*** Opening Material provided ***

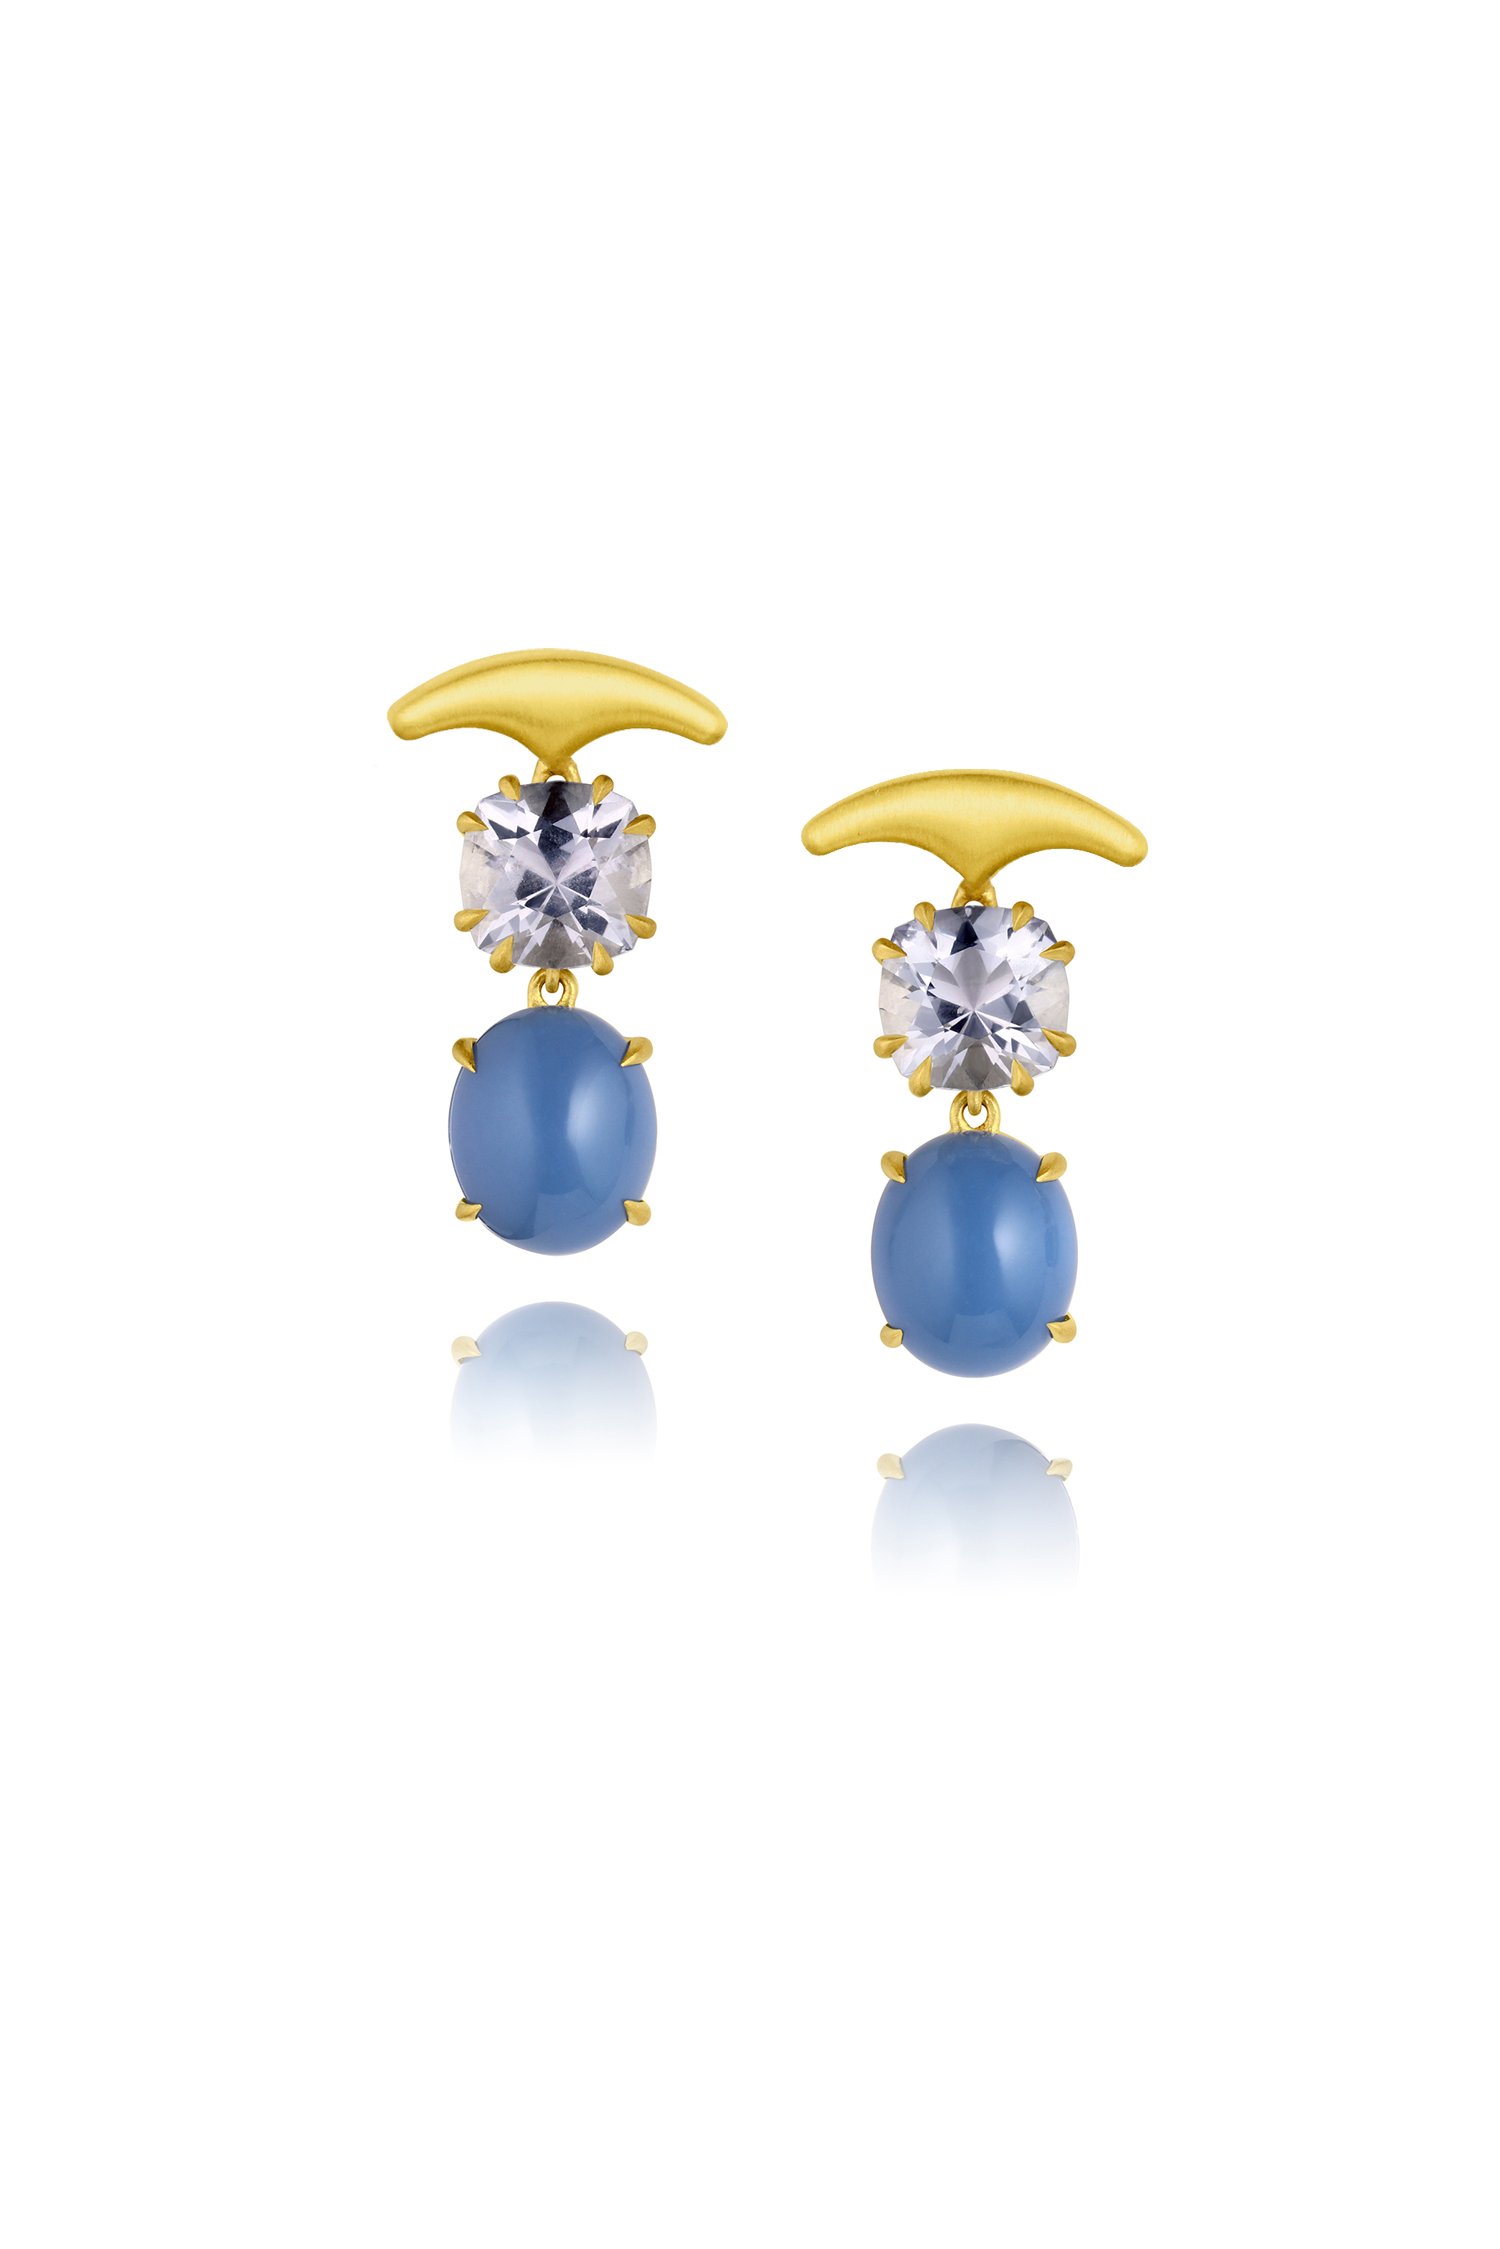 Leigh Maxwell Small Gemmy Wave Earrings - Blue Beryl/Blue Opal
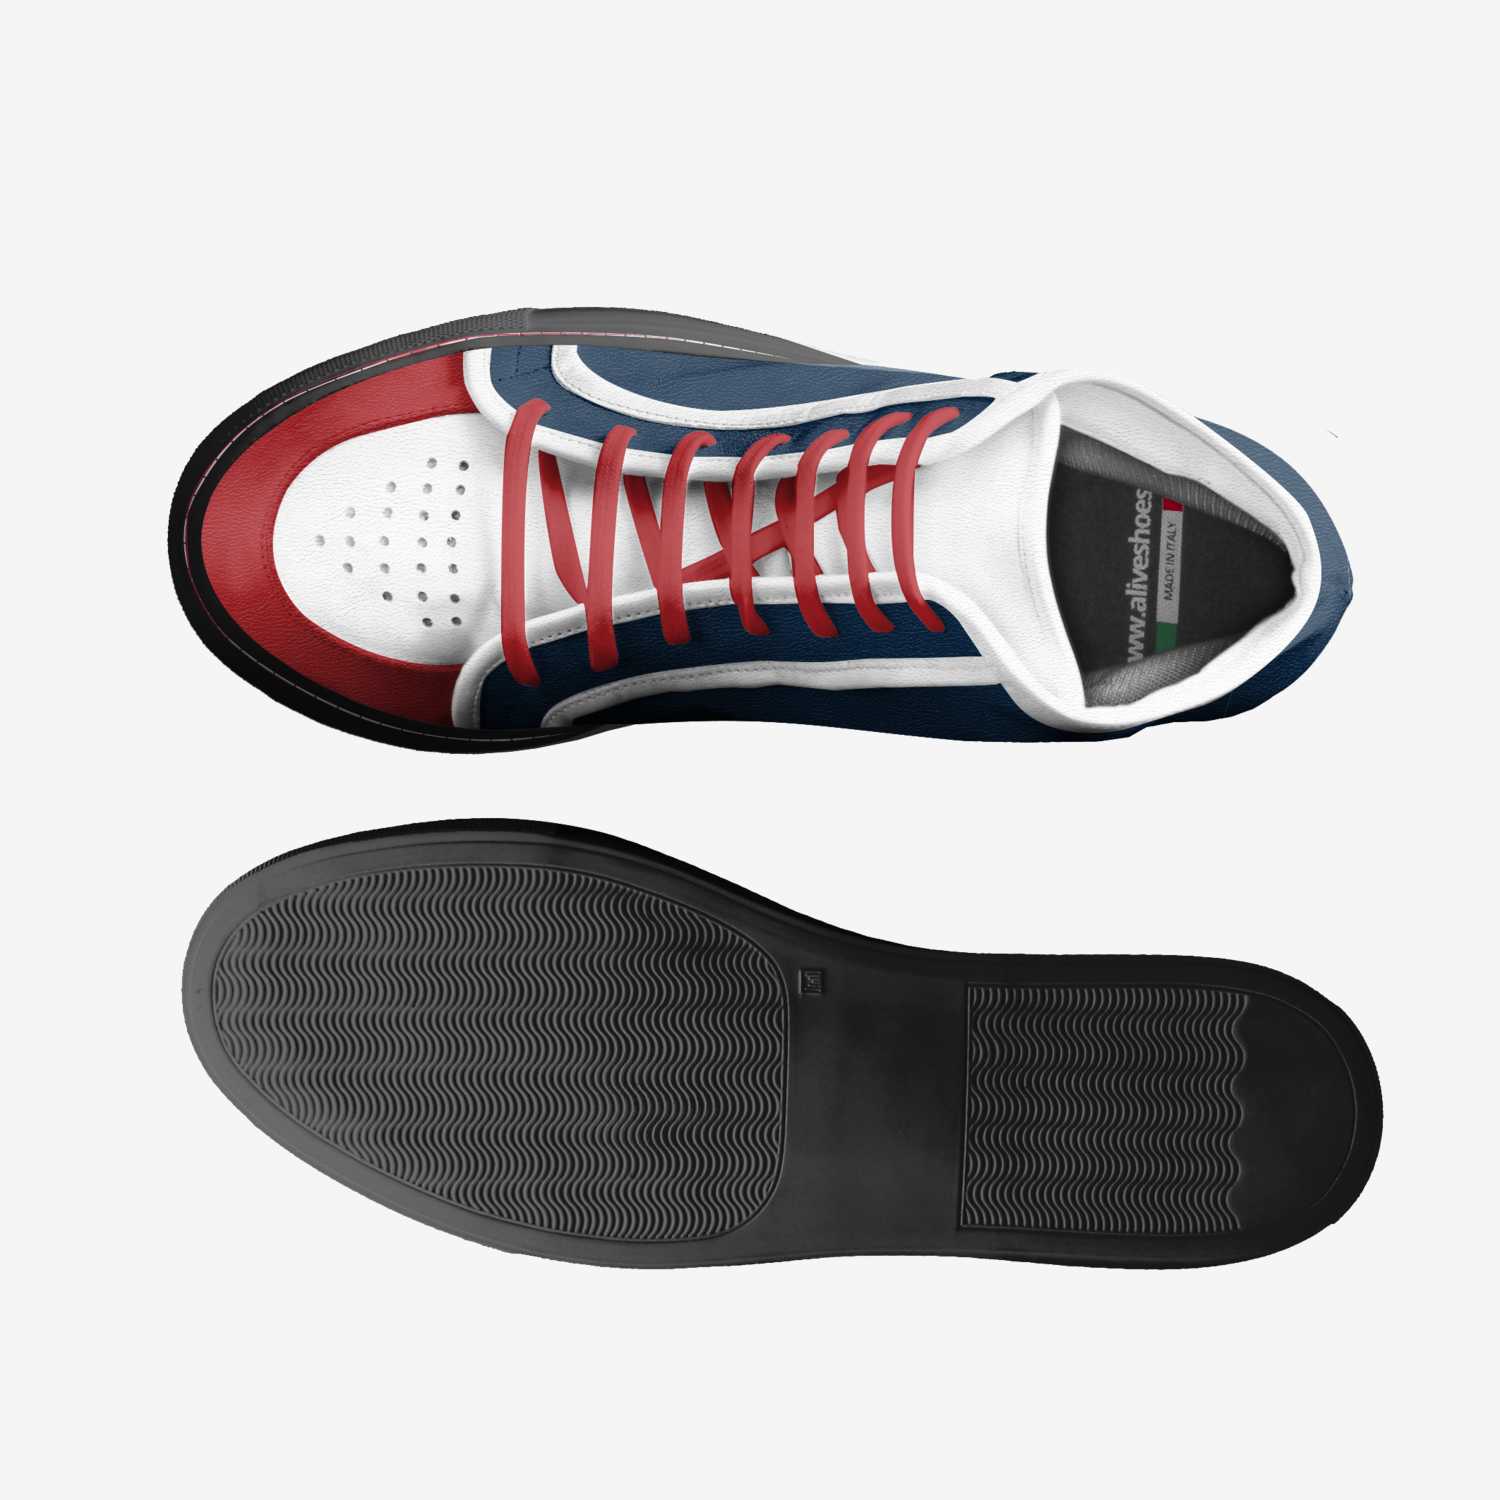 John Paul | A Custom Shoe concept by John Nolan
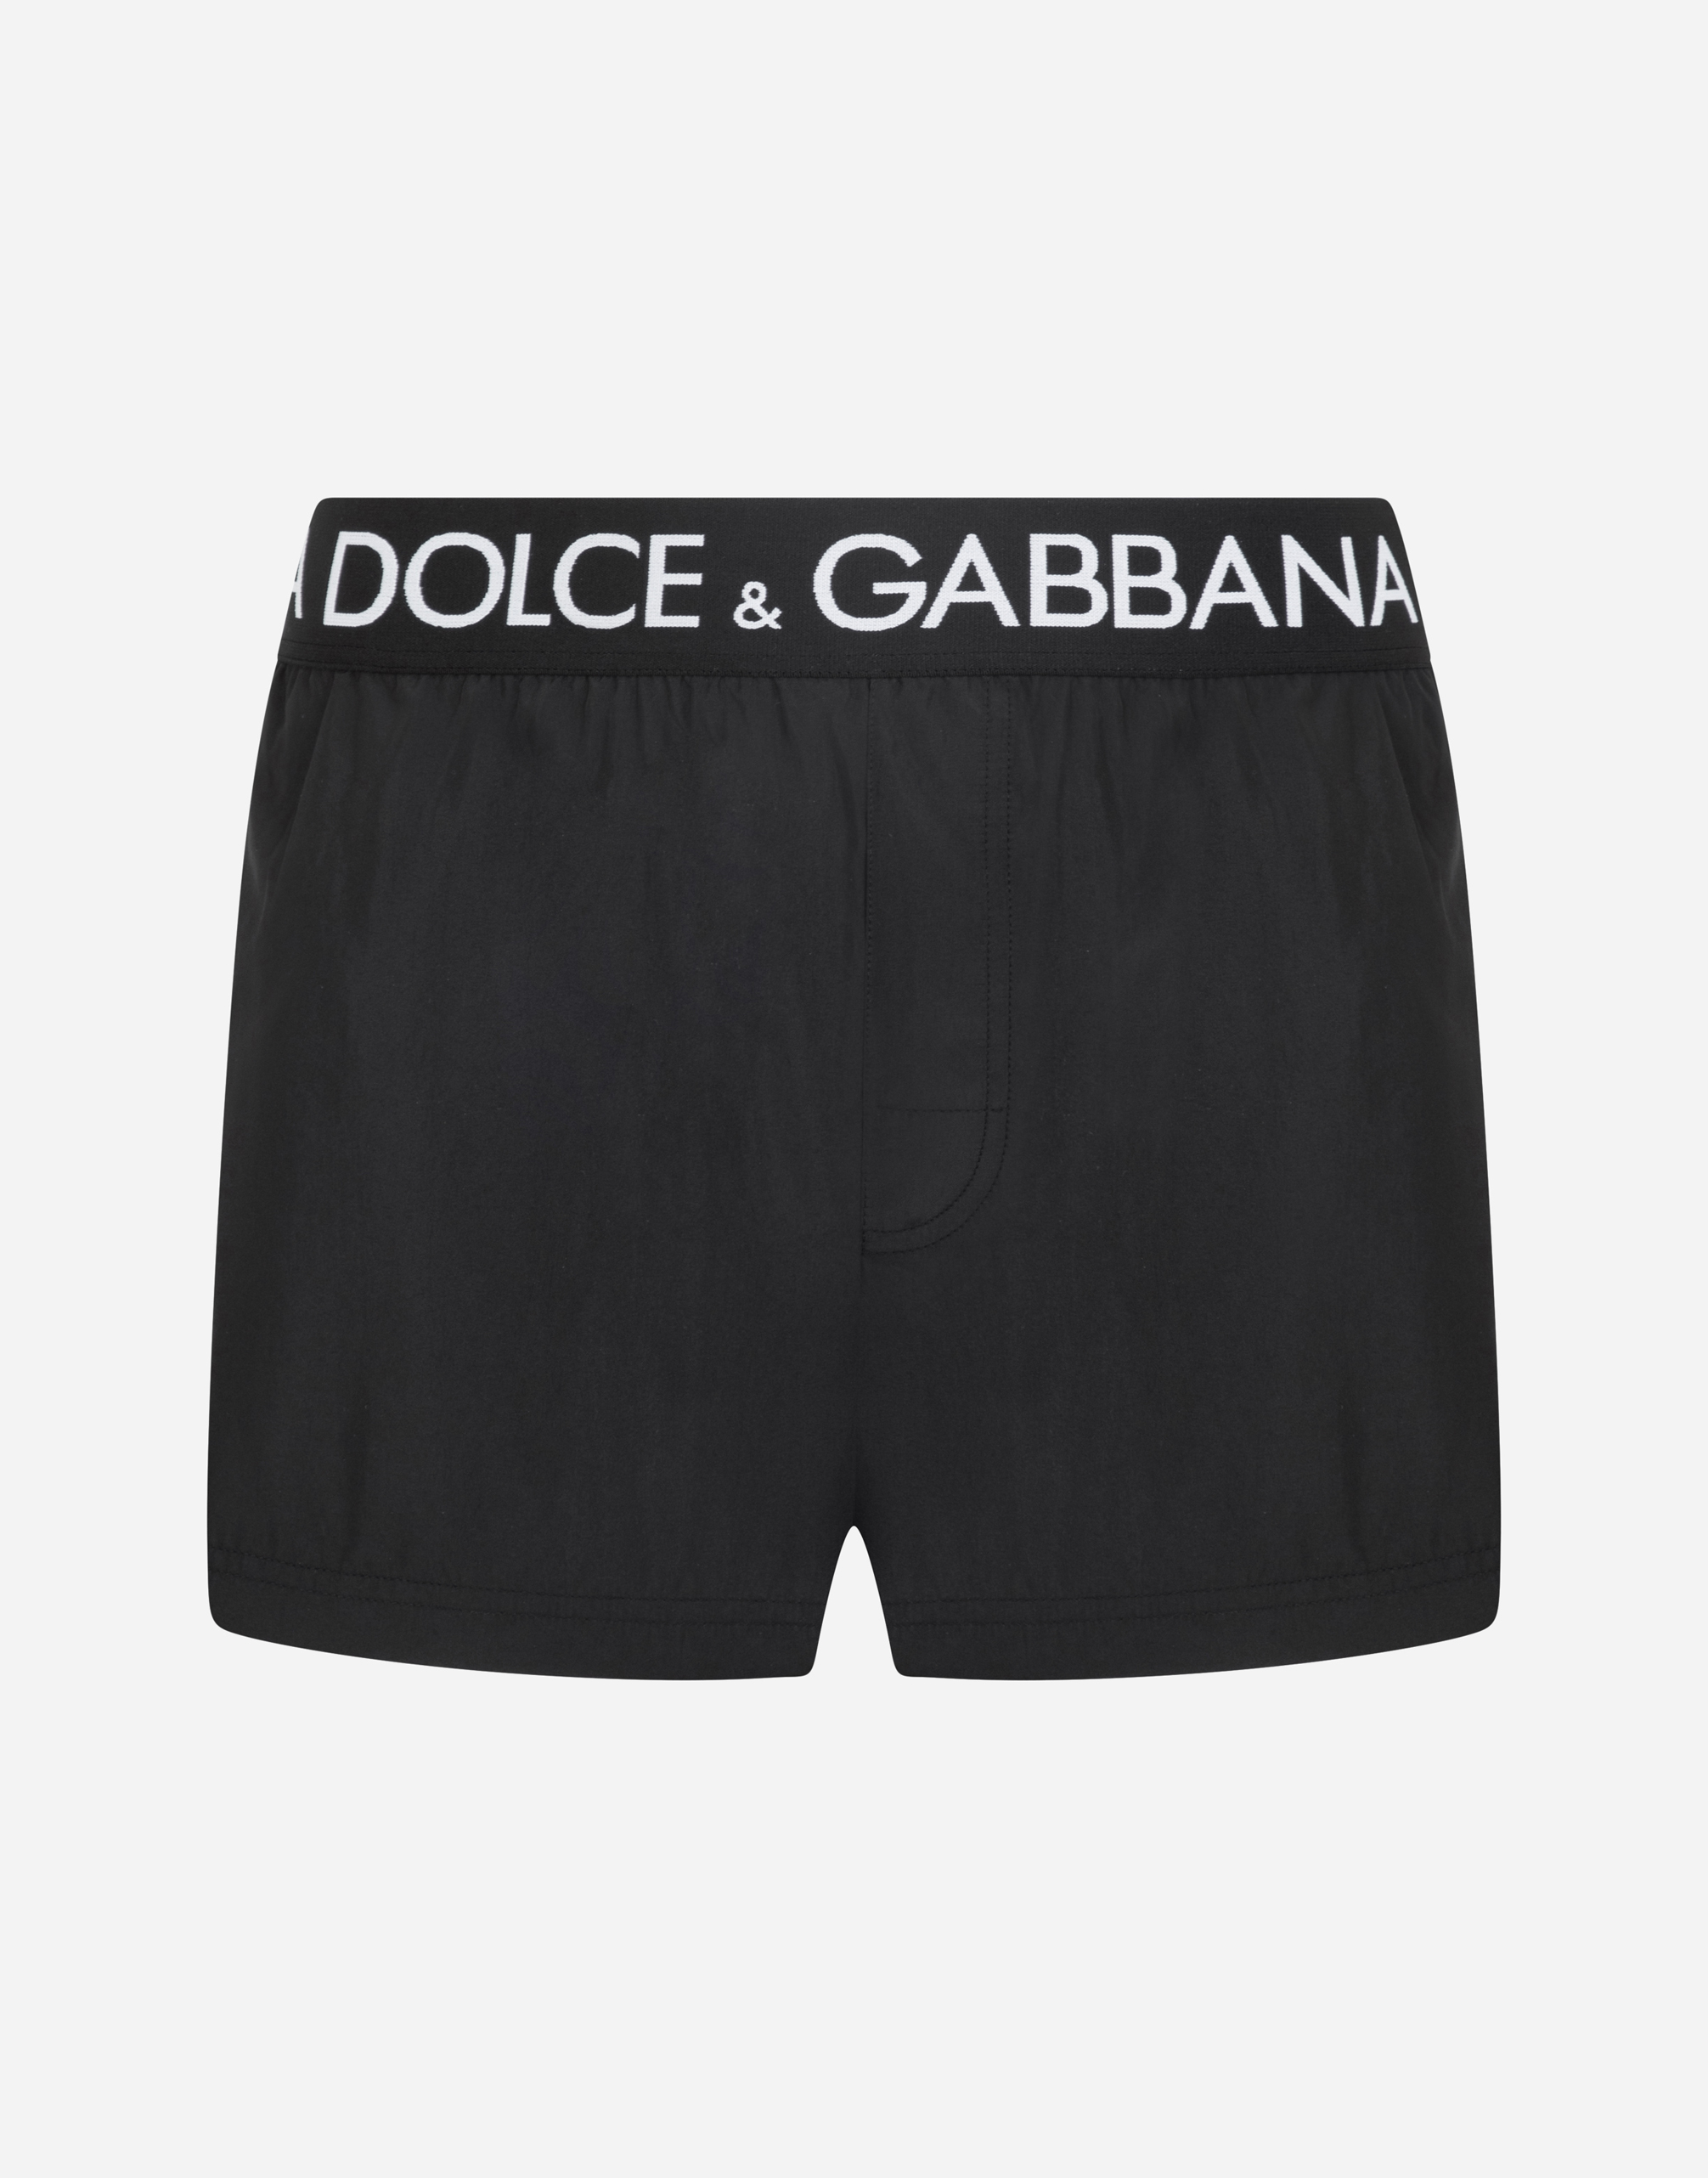 Dolce & Gabbana Short Swim Trunks With Branded Stretch Waistband In Black

*** Closing Material provided ***

Task details:
Every line from the one bearing "John Paul |" through the end of the data above must be output exactly, and no picture may appear.

Result of this exercise:
 John Paul | A Custom Shoe concept by John Nolan
 Dolce & Gabbana Short Swim Trunks With Branded Stretch Waistband In Black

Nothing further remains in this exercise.